Even if you haven’t got the marketing budget of a global brand, with nearly half of all small businesses finding customers through social networks it’s important to realise that you can still run an effective Facebook advertising campaign without spending that much money. And if you haven’t picked up on this, your competitors certainly have! Worldwide ad spending on the network for 2010 looks set to hit $1.28 billion.
So why are businesses flocking to advertise through Facebook?
1. It’s precisely targeted
Facebook allows for very precise targeting of your ads so you can reach the people you know will be interested in your product. You can set filters according to location, language, demographic, education and work, likes and interests, keywords and connections.

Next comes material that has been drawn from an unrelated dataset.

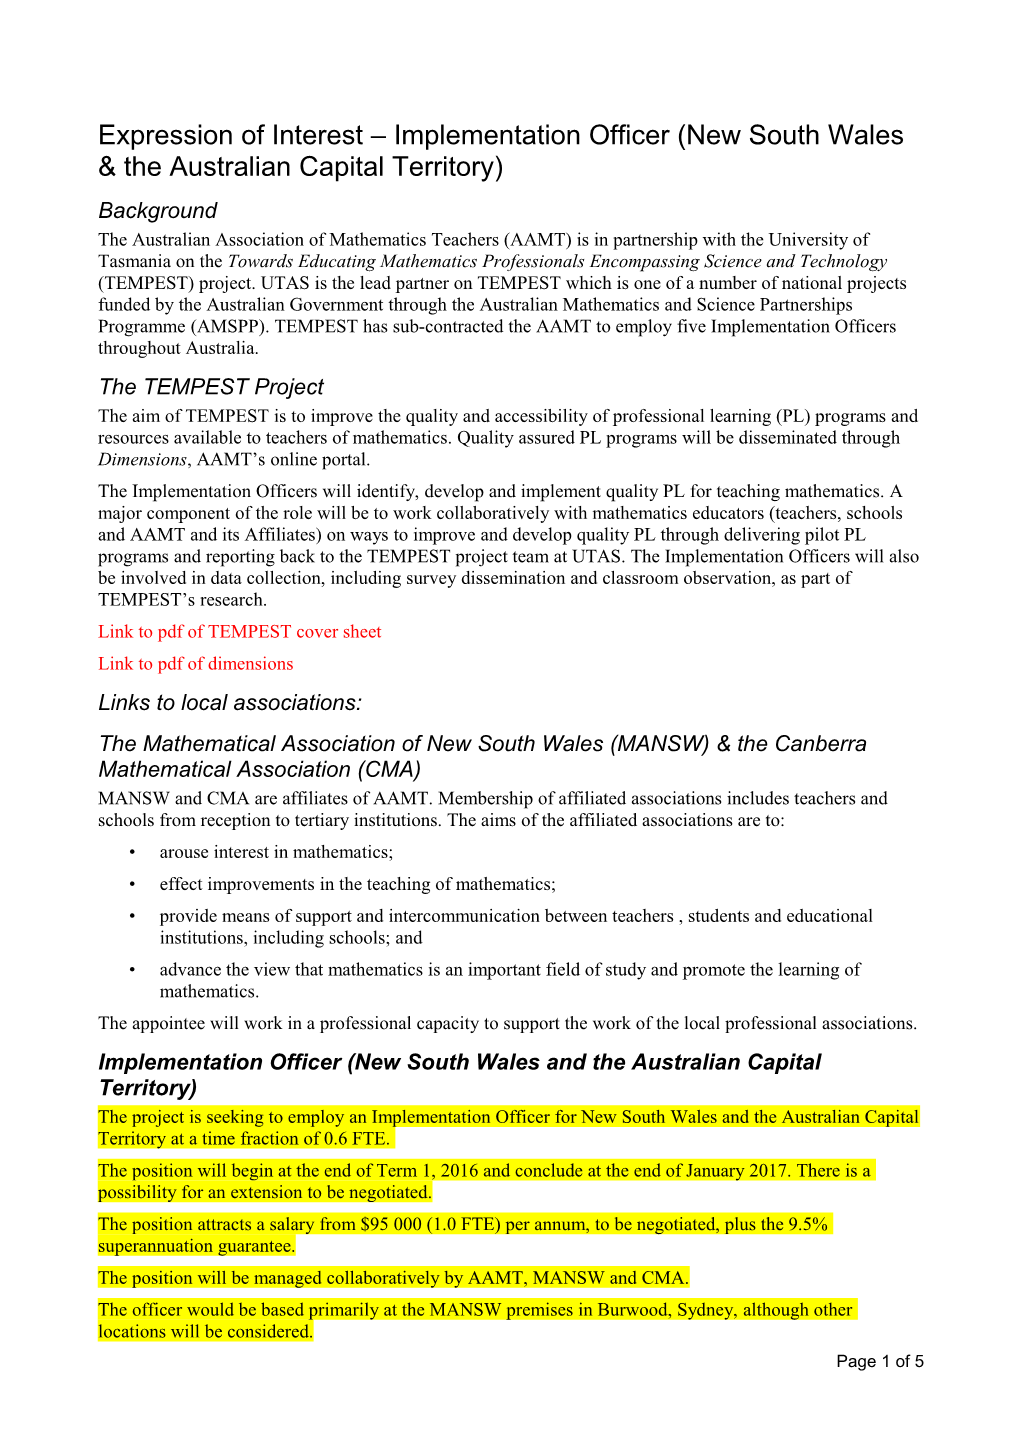 Expression of Interest Implementation Officer (New South Wales & the Australian Capital
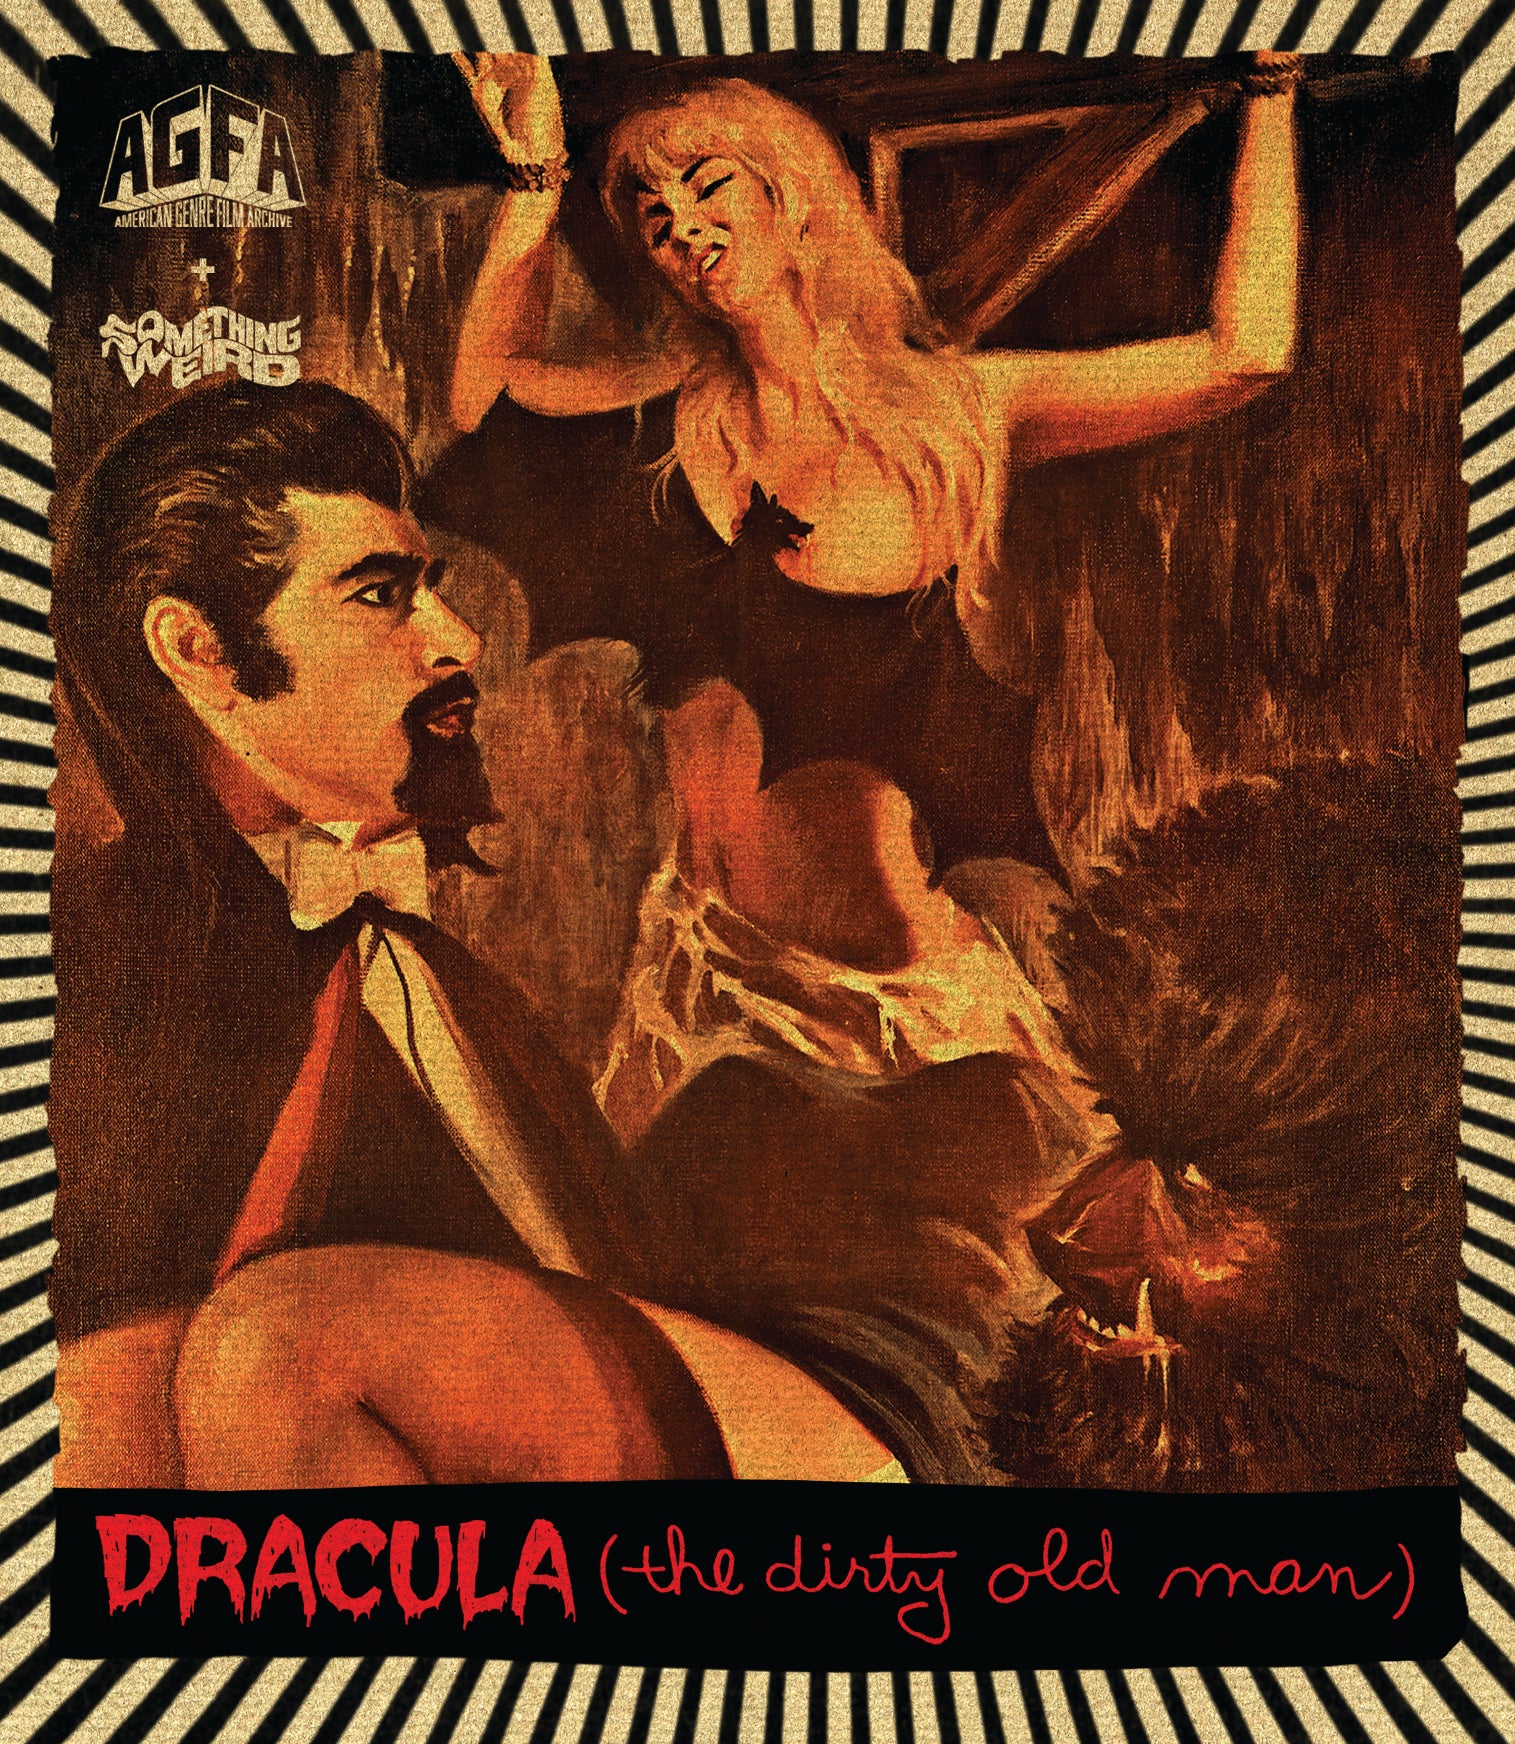 DRACULA (THE DIRTY OLD MAN) (LIMITED EDITION) BLU-RAY

So if you’re opening a new café for example you could target office workers or mums people living in the area who say they love coffee. Drag them away from their local Starbucks with incentives to get their caffeine fix at your place instead.
Phones 4u targeted 16 to 24-year-olds in a two-stage campaign. First they asked them to vote on their favourite musical legend. When Dizzee Rascal came out top they ran ads encouraging users to Like the Phone4U page for the chance to win tickets to see him in London. Of course this appeared in their friends’ news feeds, allowing easy spread of the campaign.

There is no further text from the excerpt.